Already on GitHub? Sign in to your account

[BUG] OOM in DeepPot.eval_descriptor while dp test works #4544

Open
QuantumMisaka opened this issue Jan 10, 2025 · 3 comments · May be fixed by #4547
Open

[BUG] OOM in DeepPot.eval_descriptor while dp test works #4544

QuantumMisaka opened this issue Jan 10, 2025 · 3 comments · May be fixed by #4547
Labels
bug reproduced This bug has been reproduced by developers

Comments

@QuantumMisaka
Copy link

Bug summary

While loading learned model in python env and use DeepPot.eval_descriptor function in my test LabeledSystem, there will by OOM error in my A100-40G hardware:

RuntimeError: CUDA out of memory. Tried to allocate 2.00 MiB. GPU 0 has a total capacity of 39.42 GiB of which 3.56 MiB is free. Process 276556 has 30.06 MiB memory in use. Including non-PyTorch memory, this process has 39.38 GiB memory in use. Of the allocated memory 38.05 GiB is allocated by PyTorch, and 25.29 MiB is reserved by PyTorch but unallocated. If reserved but unallocated memory is large try setting PYTORCH_CUDA_ALLOC_CONF=expandable_segments:True to avoid fragmentation.  See documentation for Memory Management  (https://pytorch.org/docs/stable/notes/cuda.html#environment-variables)

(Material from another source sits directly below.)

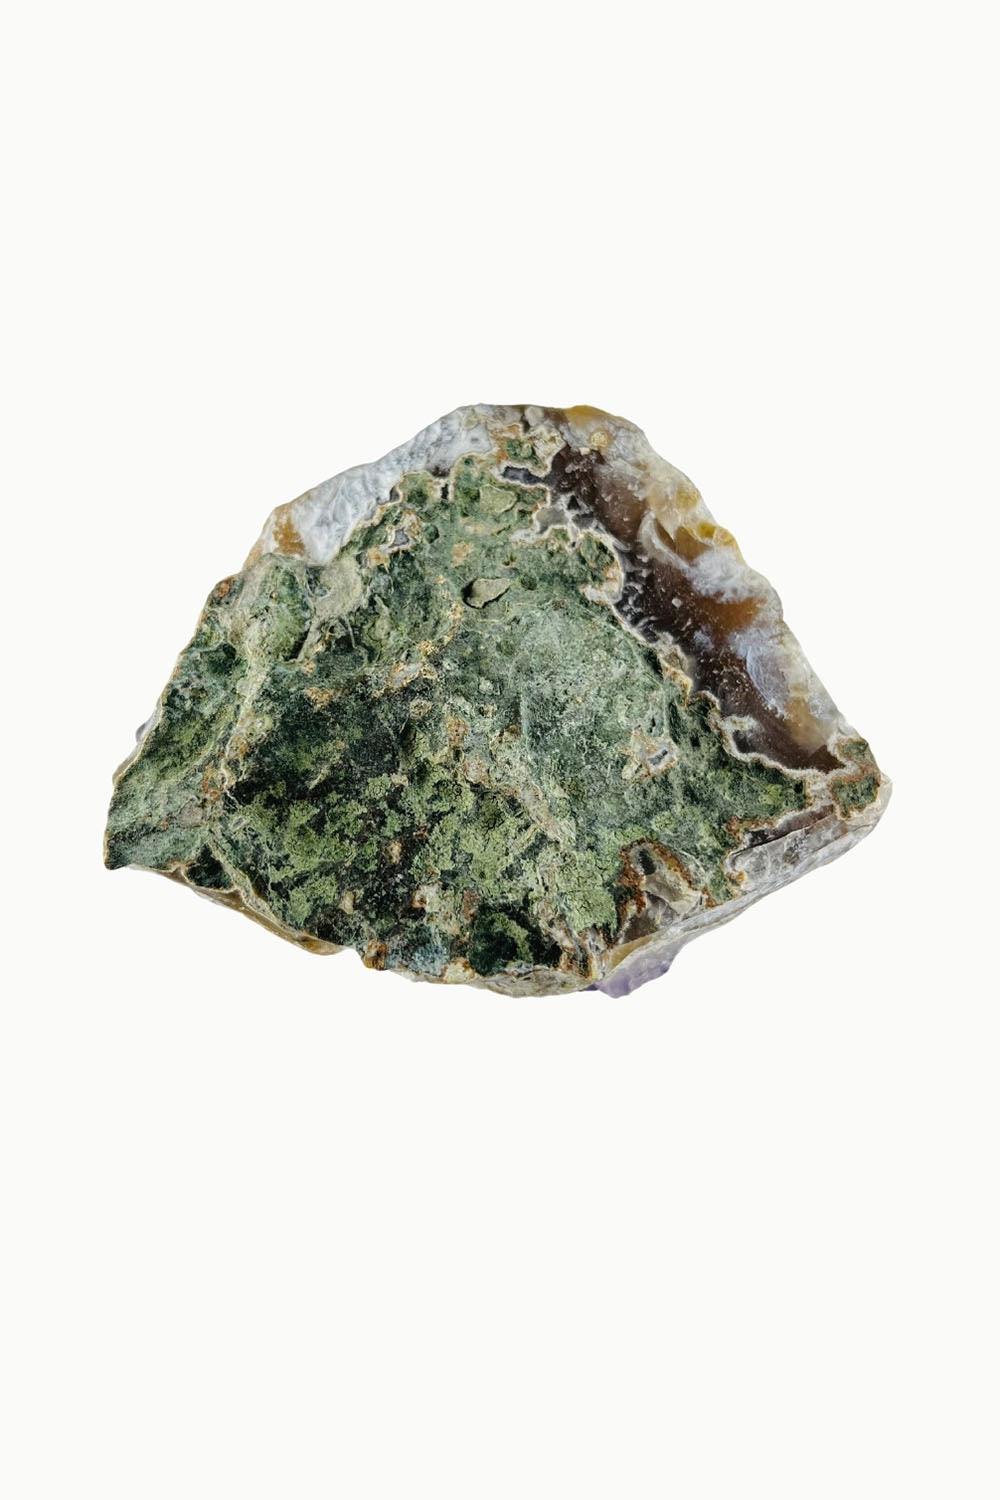 Amethyst Geode #6

The above exception was the direct cause of the following exception:

Traceback (most recent call last):
  File "/home/mps/liuzq/FeCHO-dpa2/300rc0/v2-7-direct-10p/desc-val/oom-example/calc_desc.py", line 53, in <module>
    desc = descriptor_from_model(onedata, model)
           ^^^^^^^^^^^^^^^^^^^^^^^^^^^^^^^^^^^^^
  File "/home/mps/liuzq/FeCHO-dpa2/300rc0/v2-7-direct-10p/desc-val/oom-example/calc_desc.py", line 26, in descriptor_from_model
    predict = model.eval_descriptor(coords, cells, atypes)
              ^^^^^^^^^^^^^^^^^^^^^^^^^^^^^^^^^^^^^^^^^^^^
  File "/home/mps/miniconda3/envs/deepmd-3rc0/lib/python3.11/site-packages/deepmd/infer/deep_eval.py", line 445, in eval_descriptor
    descriptor = self.deep_eval.eval_descriptor(
                 ^^^^^^^^^^^^^^^^^^^^^^^^^^^^^^^
  File "/home/mps/miniconda3/envs/deepmd-3rc0/lib/python3.11/site-packages/deepmd/pt/infer/deep_eval.py", line 649, in eval_descriptor
    self.eval(
  File "/home/mps/miniconda3/envs/deepmd-3rc0/lib/python3.11/site-packages/deepmd/pt/infer/deep_eval.py", line 292, in eval
    out = self._eval_func(self._eval_model, numb_test, natoms)(
          ^^^^^^^^^^^^^^^^^^^^^^^^^^^^^^^^^^^^^^^^^^^^^^^^^^^^^
  File "/home/mps/miniconda3/envs/deepmd-3rc0/lib/python3.11/site-packages/deepmd/pt/infer/deep_eval.py", line 364, in eval_func
    return self.auto_batch_size.execute_all(
           ^^^^^^^^^^^^^^^^^^^^^^^^^^^^^^^^^
  File "/home/mps/miniconda3/envs/deepmd-3rc0/lib/python3.11/site-packages/deepmd/utils/batch_size.py", line 197, in execute_all
    n_batch, result = self.execute(execute_with_batch_size, index, natoms)
                      ^^^^^^^^^^^^^^^^^^^^^^^^^^^^^^^^^^^^^^^^^^^^^^^^^^^^
  File "/home/mps/miniconda3/envs/deepmd-3rc0/lib/python3.11/site-packages/deepmd/utils/batch_size.py", line 120, in execute
    raise OutOfMemoryError(
deepmd.utils.errors.OutOfMemoryError: The callable still throws an out-of-memory (OOM) error even when batch size is 1!

But the dp test from the same model in the same LabeledSystem dataset can be done with ~39GB memory used first then become lower to 28G memory usage.

DeePMD-kit Version

DeePMD-kit v3.0.0rc1.dev0+g0ad42893.d20250106

Backend and its version

Pytorch 2.5.1

How did you download the software?

pip

Input Files, Running Commands, Error Log, etc.

All reference files can be accessed by dp_eval_desc_oom.tar.gz

or though Nutshull Cloud
https://www.jianguoyun.com/p/DV3eAQoQrZ-XCRim4ecFIAA (code : unpbns)

Steps to Reproduce

tar -zxvf dp_eval_desc_oom.tar.gz
cd oom-example

There will be these scripts

calc_desc.py  data  desc_all.sh  desc.log  descriptors  model.pth  test.log  test.sh

explained as follow:

  • calc_desc.py use DeepPot.eval_descriptor() to generate descriptor of a LabeledSystem
  • desc_all.sh read MultiSystems from data and call calc_desc.py iteratively
  • data directory contain the LabeledSystems which will lead to OOM in eval_descriptor
  • model.pth is the model in use
  • test.sh is the script calling dp --pt test to output test.log
  • desc.log is the OOM stderr print-out
  • descrtptors is the directory aim to contain the output descriptor, which should be empty due to OOM

One can checkout the OOM problem directly by these.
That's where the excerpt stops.